Take the lines from the one with "An icon or badge" through the last line of the material below and write them out exactly, without any pictures.
--- Provided material Enclosed Below ---
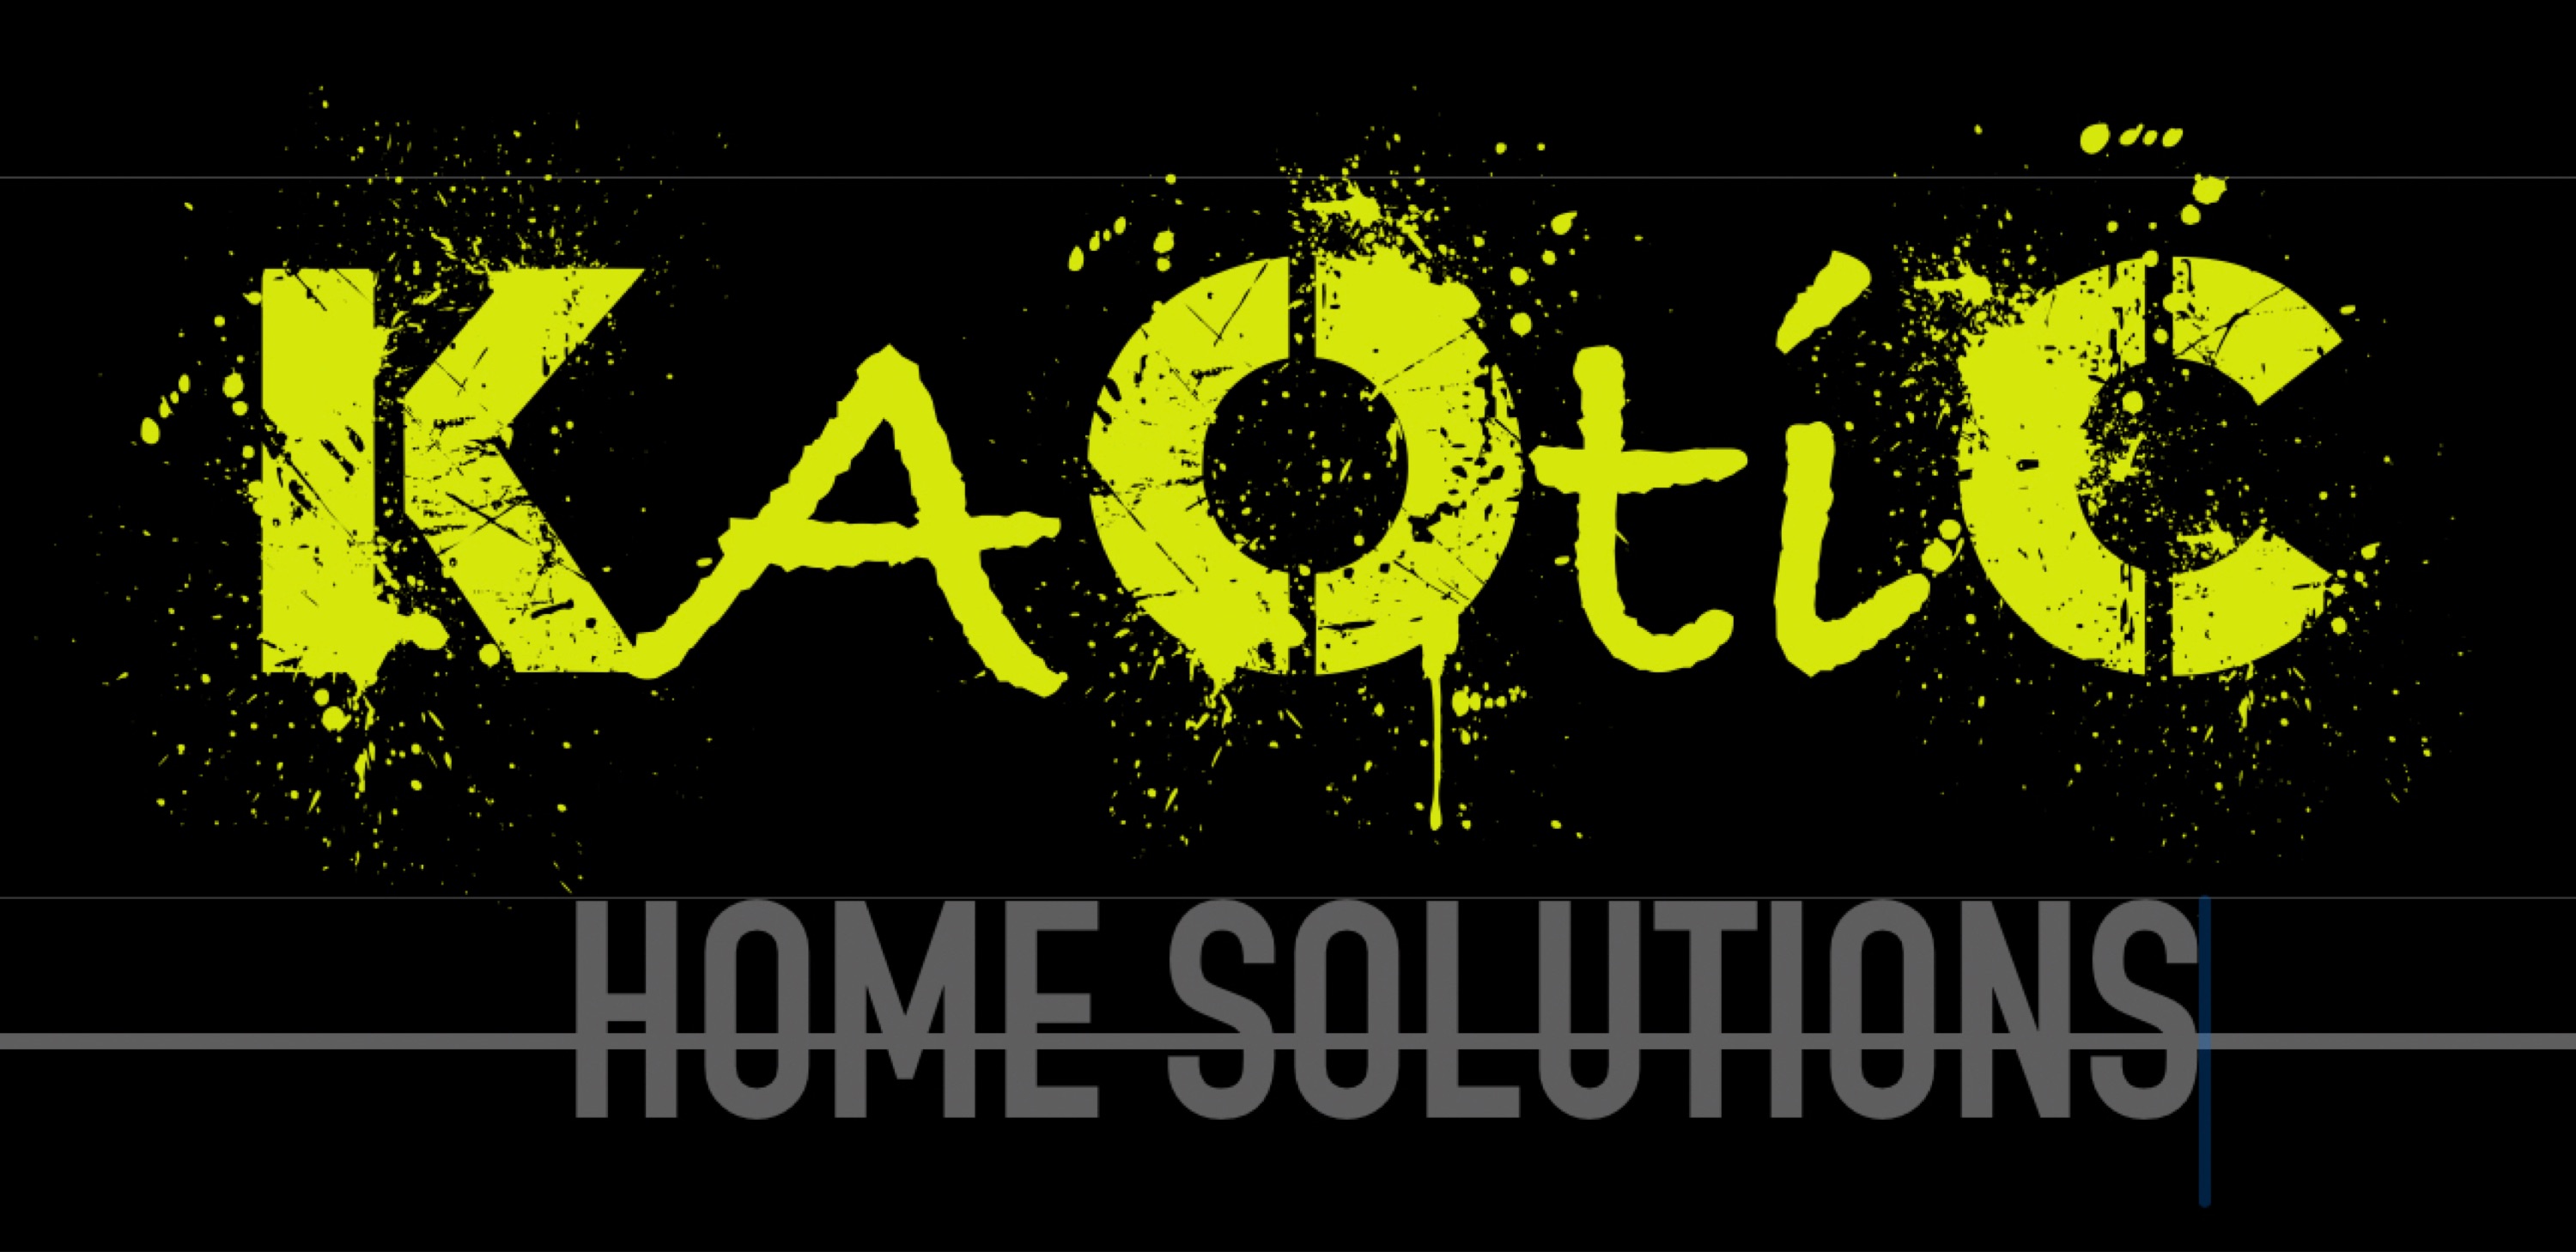 Kaotic Home Solutions Logo
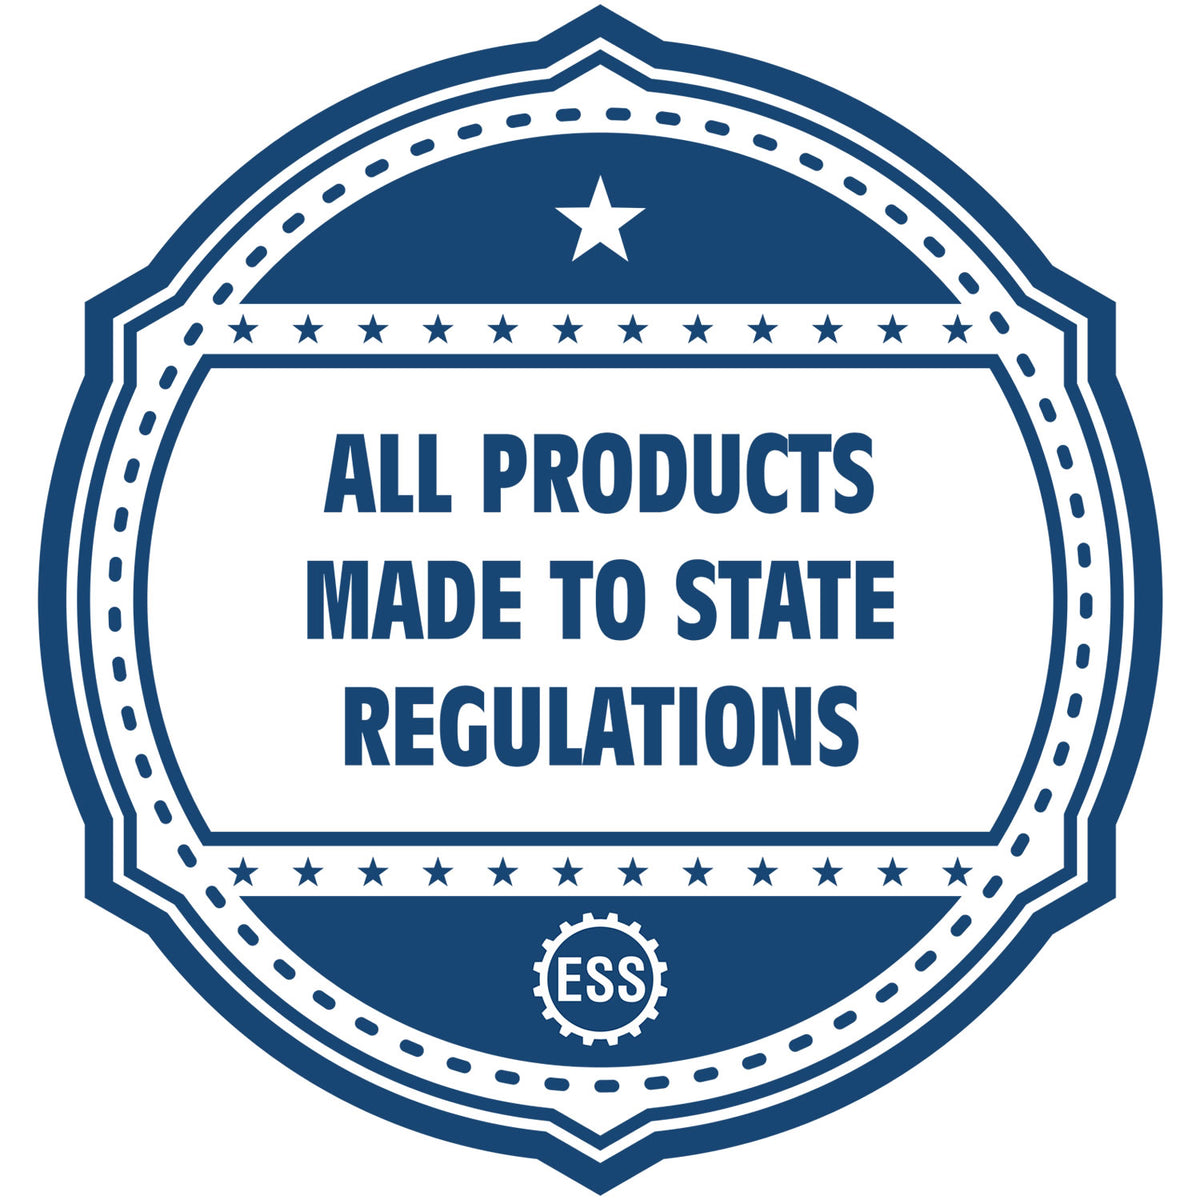 An icon or badge element for the Guam Landscape Architectural Seal Stamp showing that this product is made in compliance with state regulations.
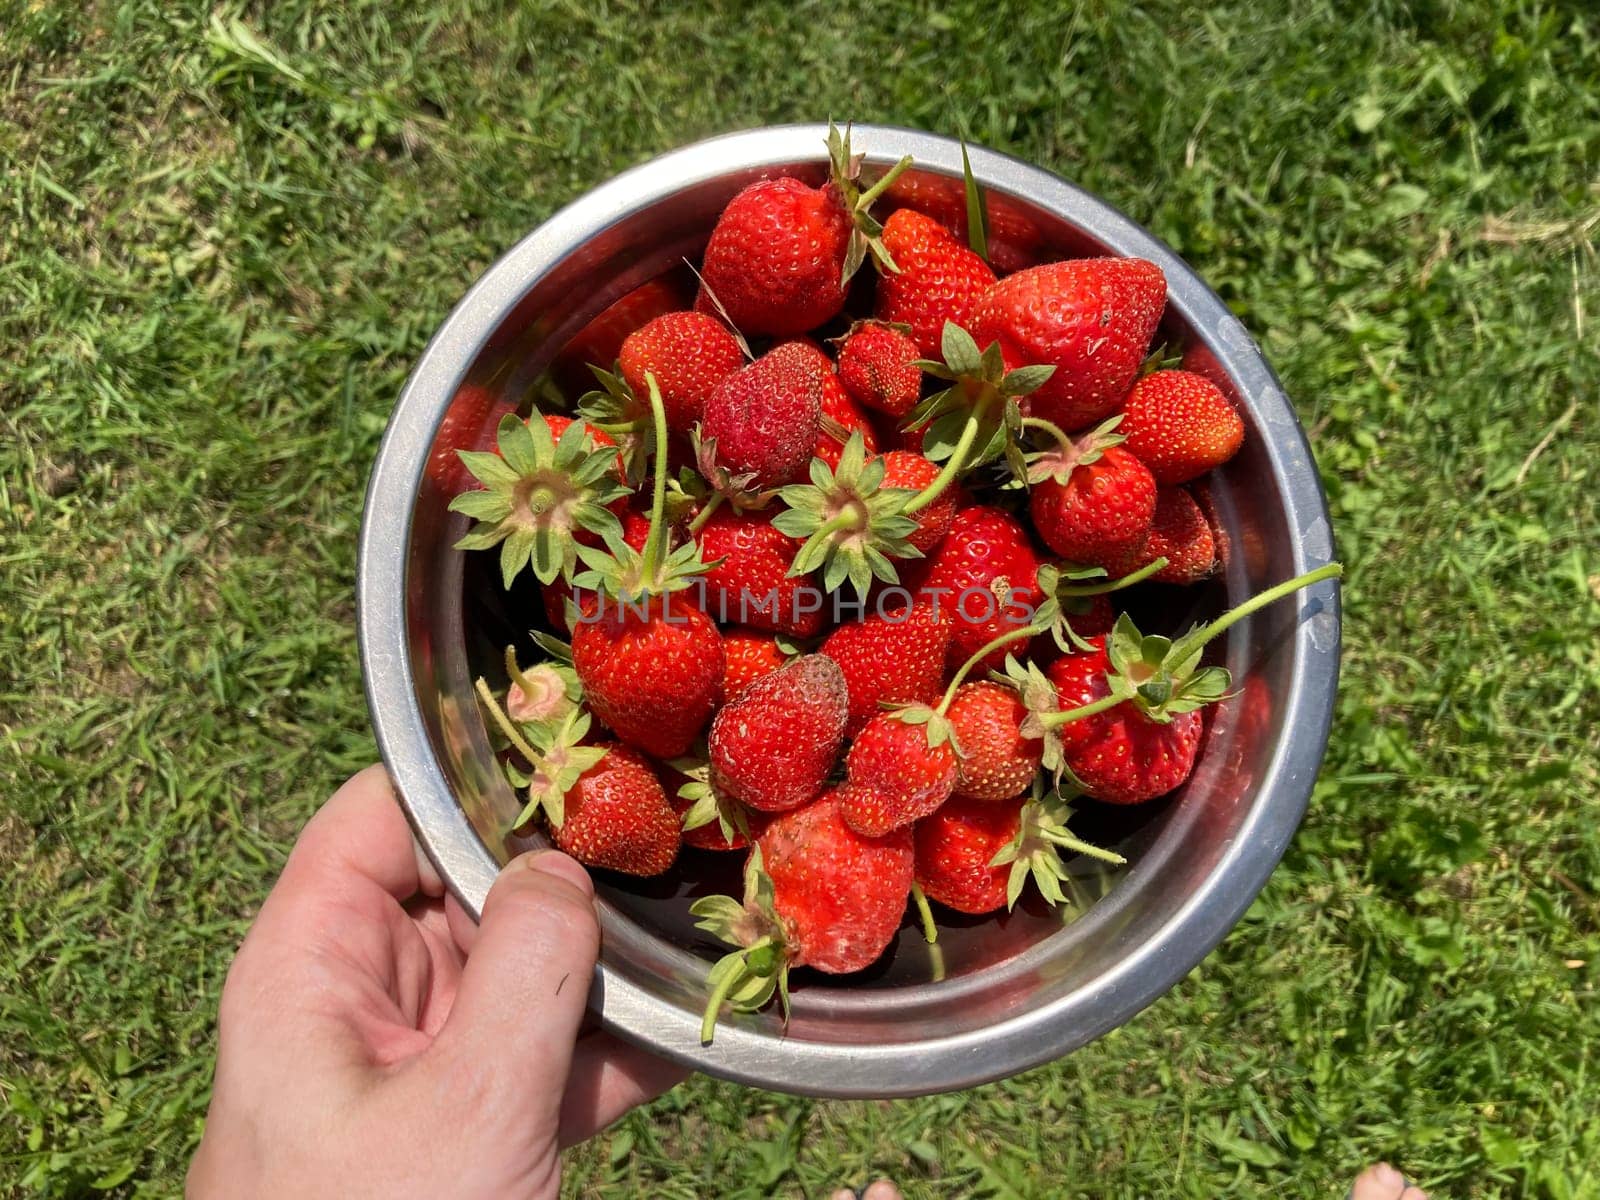 Young large strawberries grew in a the village
--- End of Enclosed Provided material ---
### Result below
 An icon or badge element for the Guam Landscape Architectural Seal Stamp showing that this product is made in compliance with state regulations.
 Young large strawberries grew in a the village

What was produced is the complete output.